====== THE DATA ======
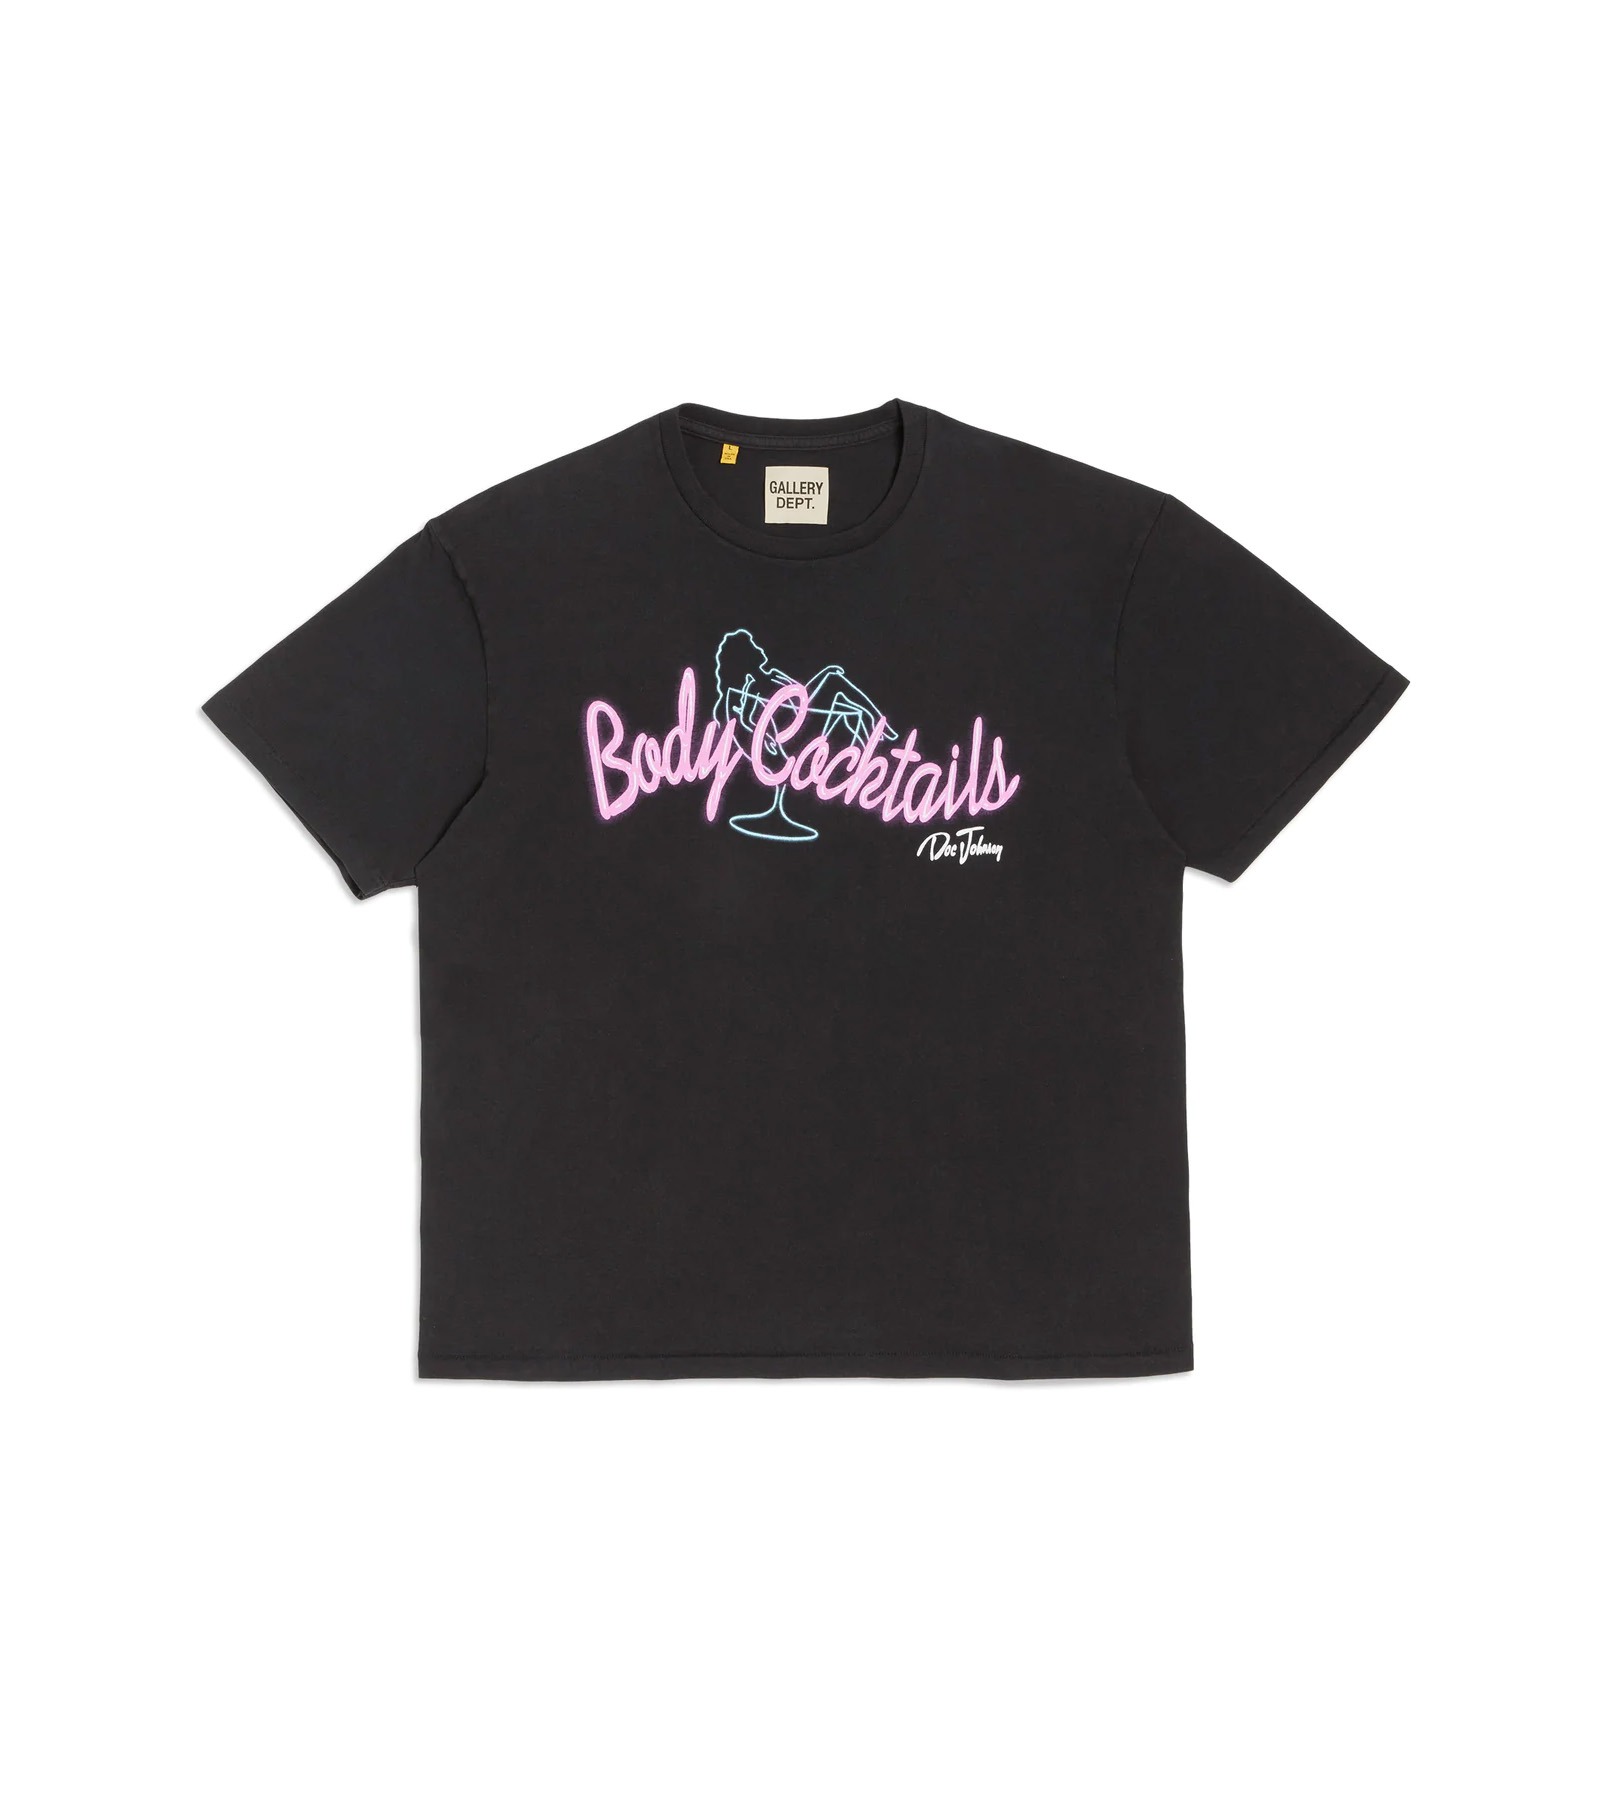 BODY COCKTAILS TEE
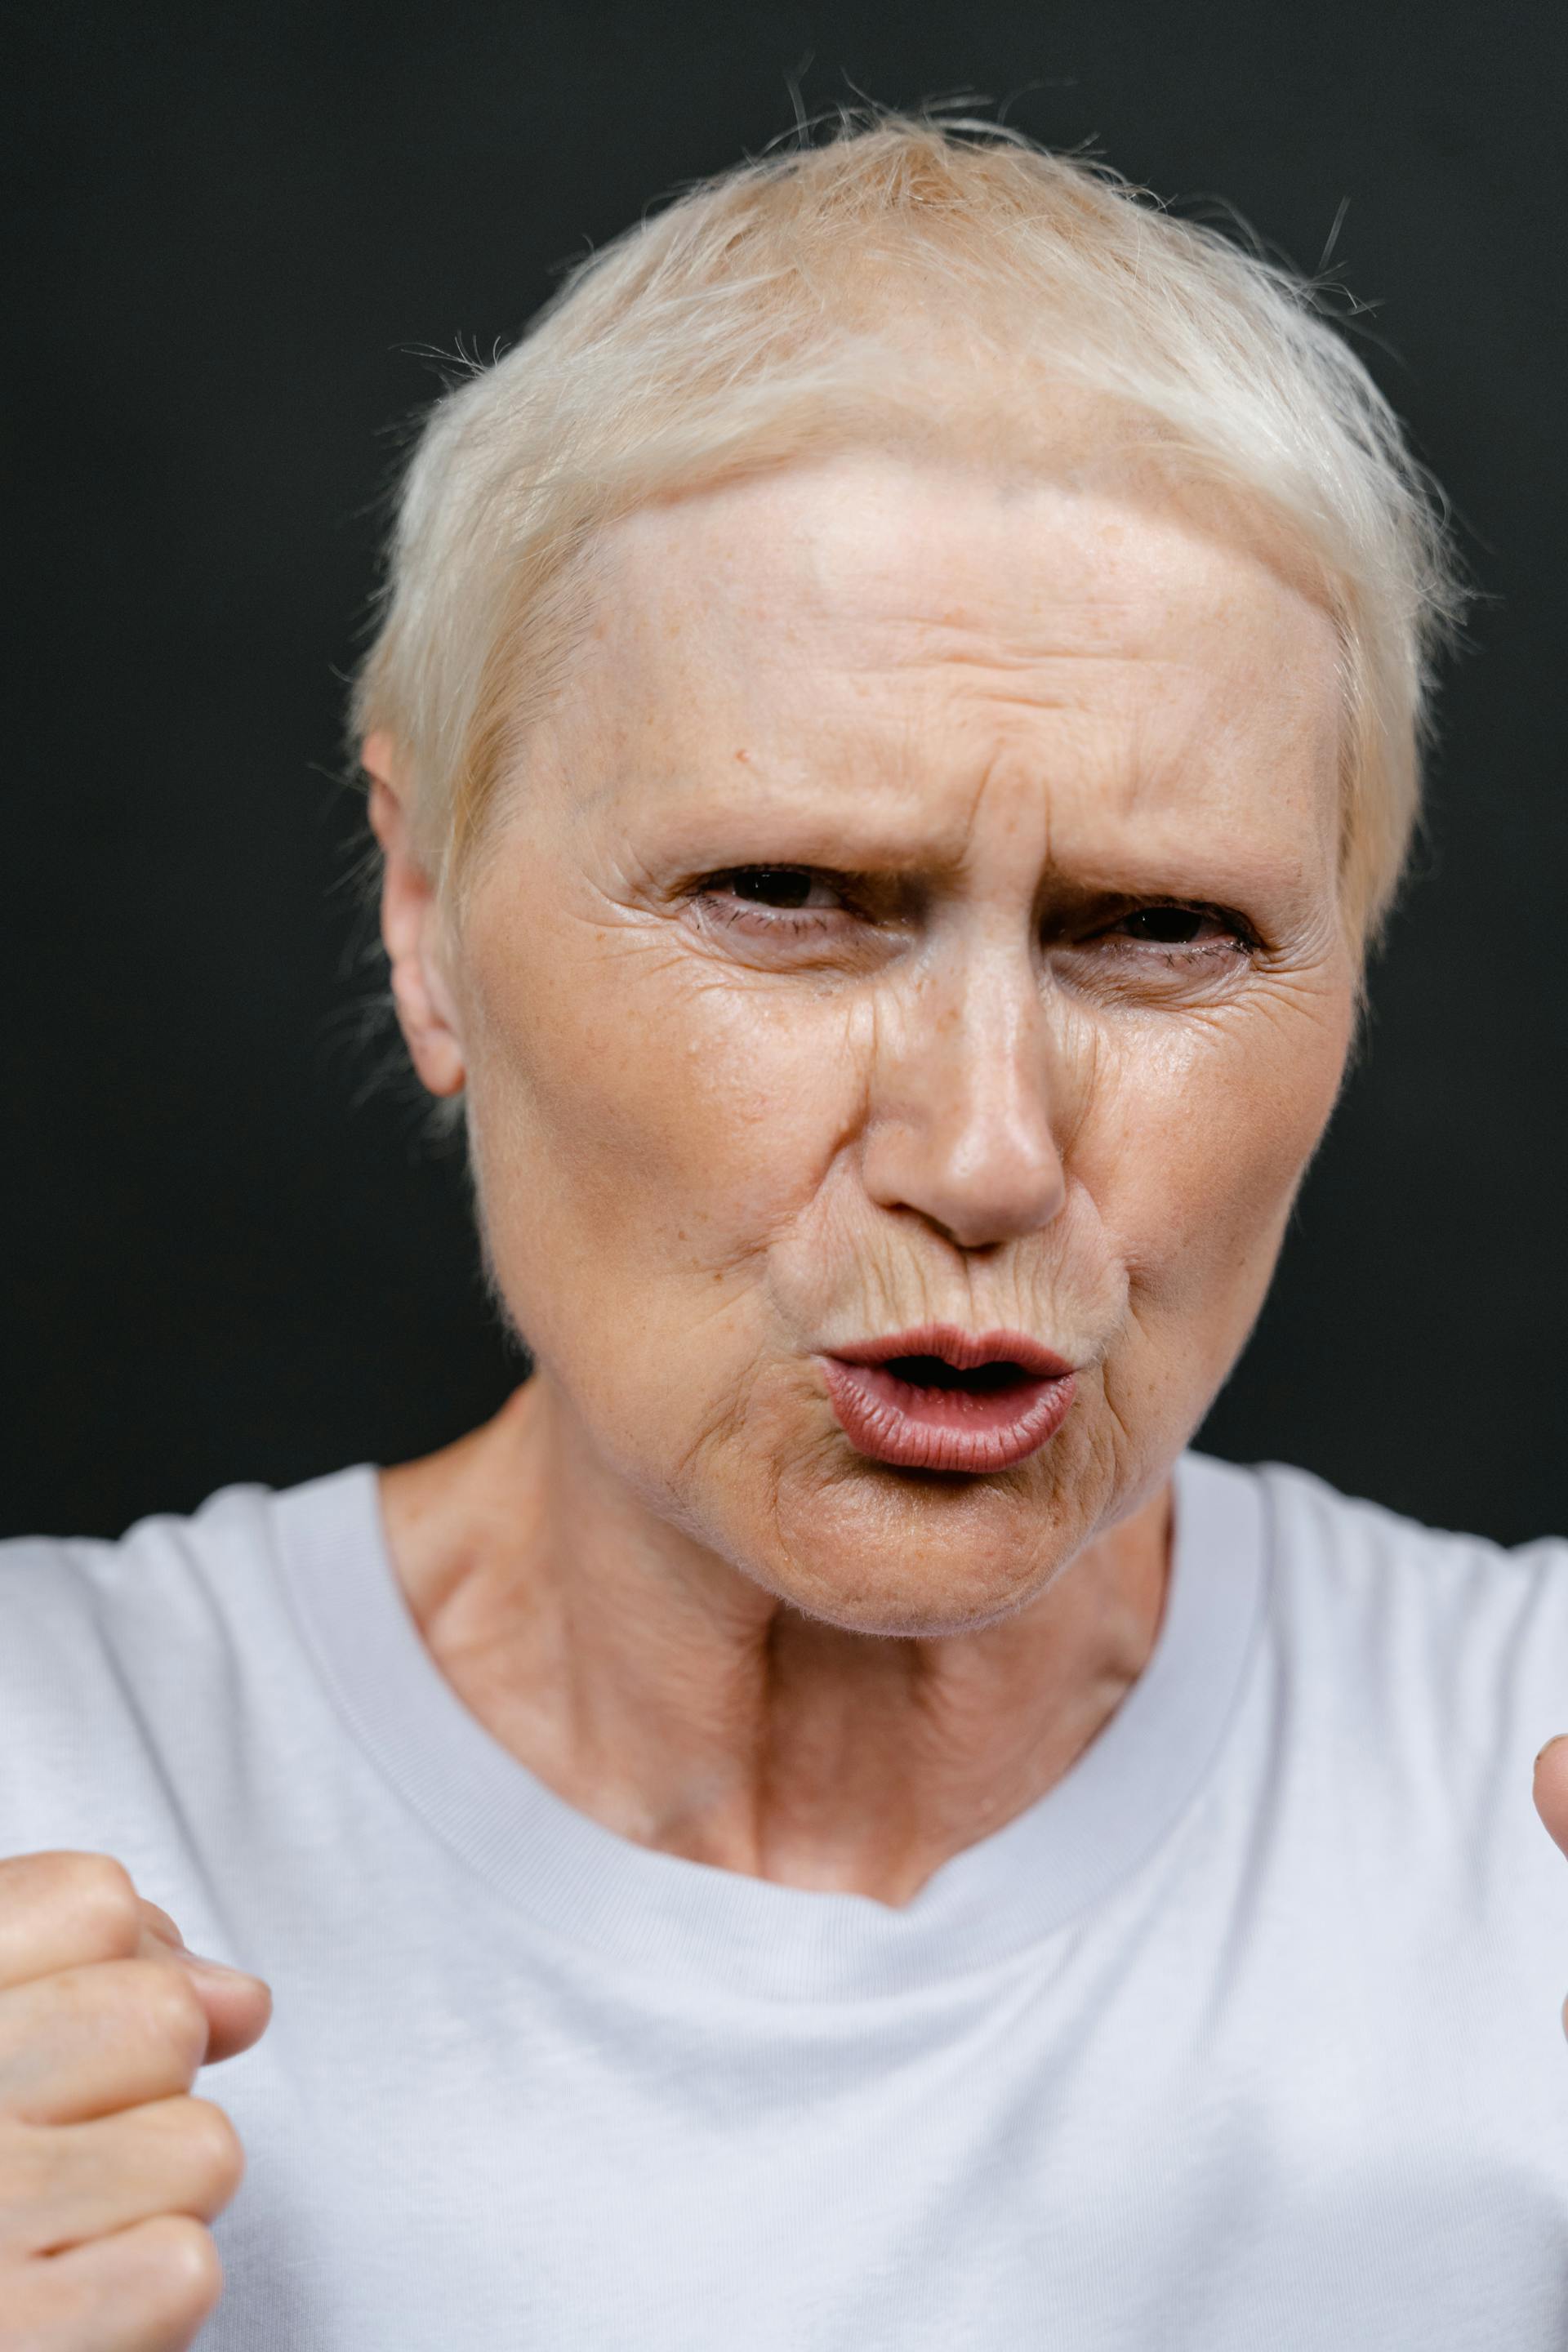 A close-up photo of an angry senior woman | Source: Pexels
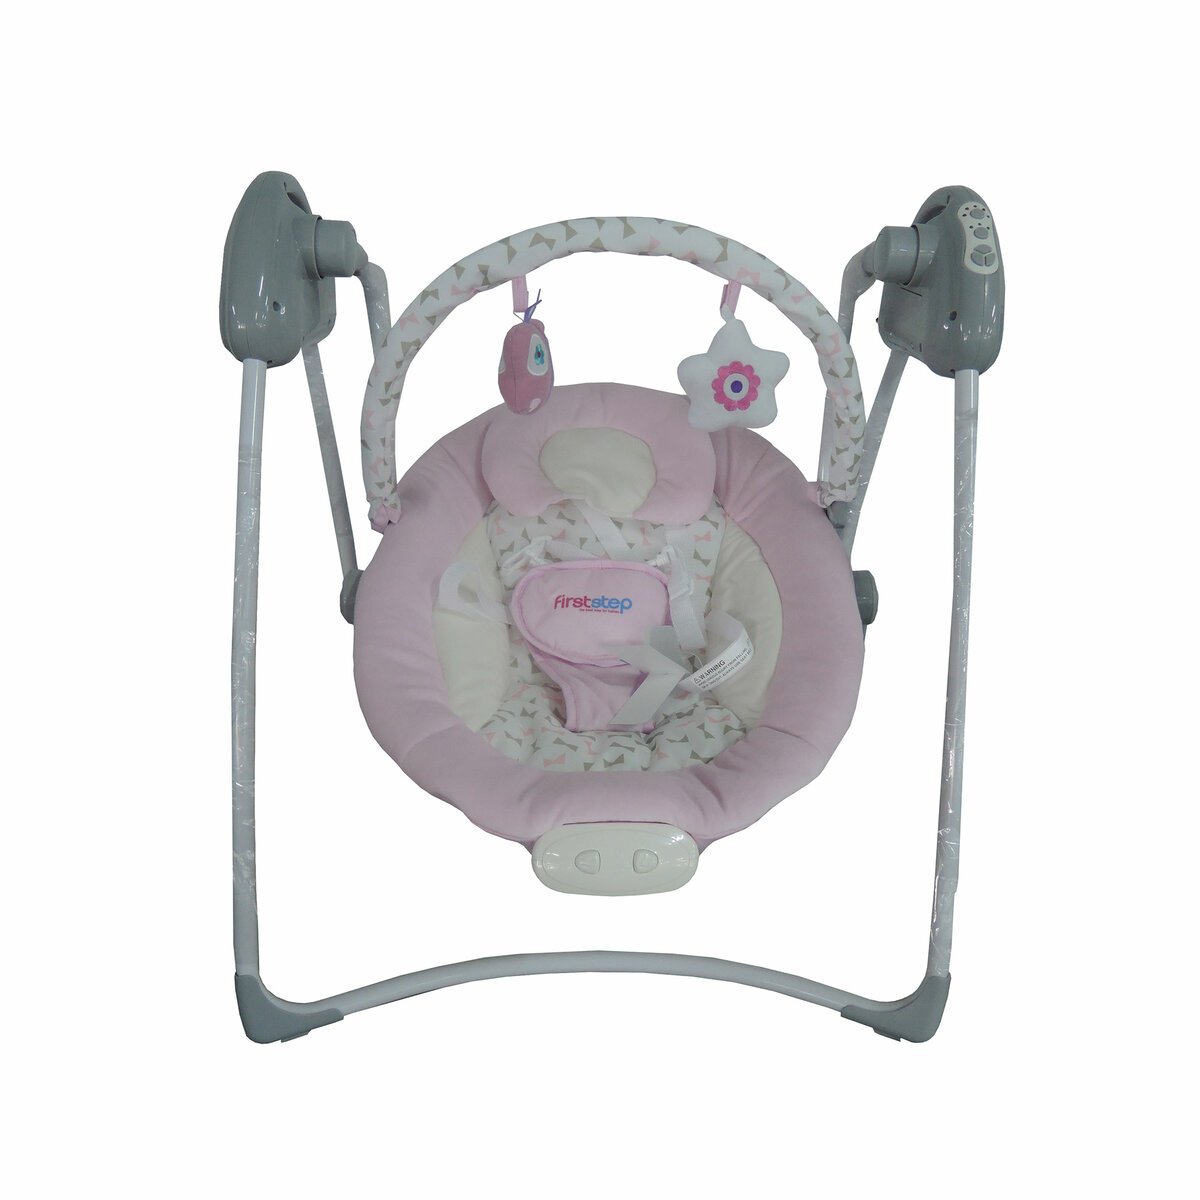 First Step Baby Swing Bed SW-108 Pink
======
TASK DETAILS:
Reprint all the data above verbatim, excluding pictures.

SOLUTION TO THIS PROBLEM:
 BODY COCKTAILS TEE
 A close-up photo of an angry senior woman | Source: Pexels
 First Step Baby Swing Bed SW-108 Pink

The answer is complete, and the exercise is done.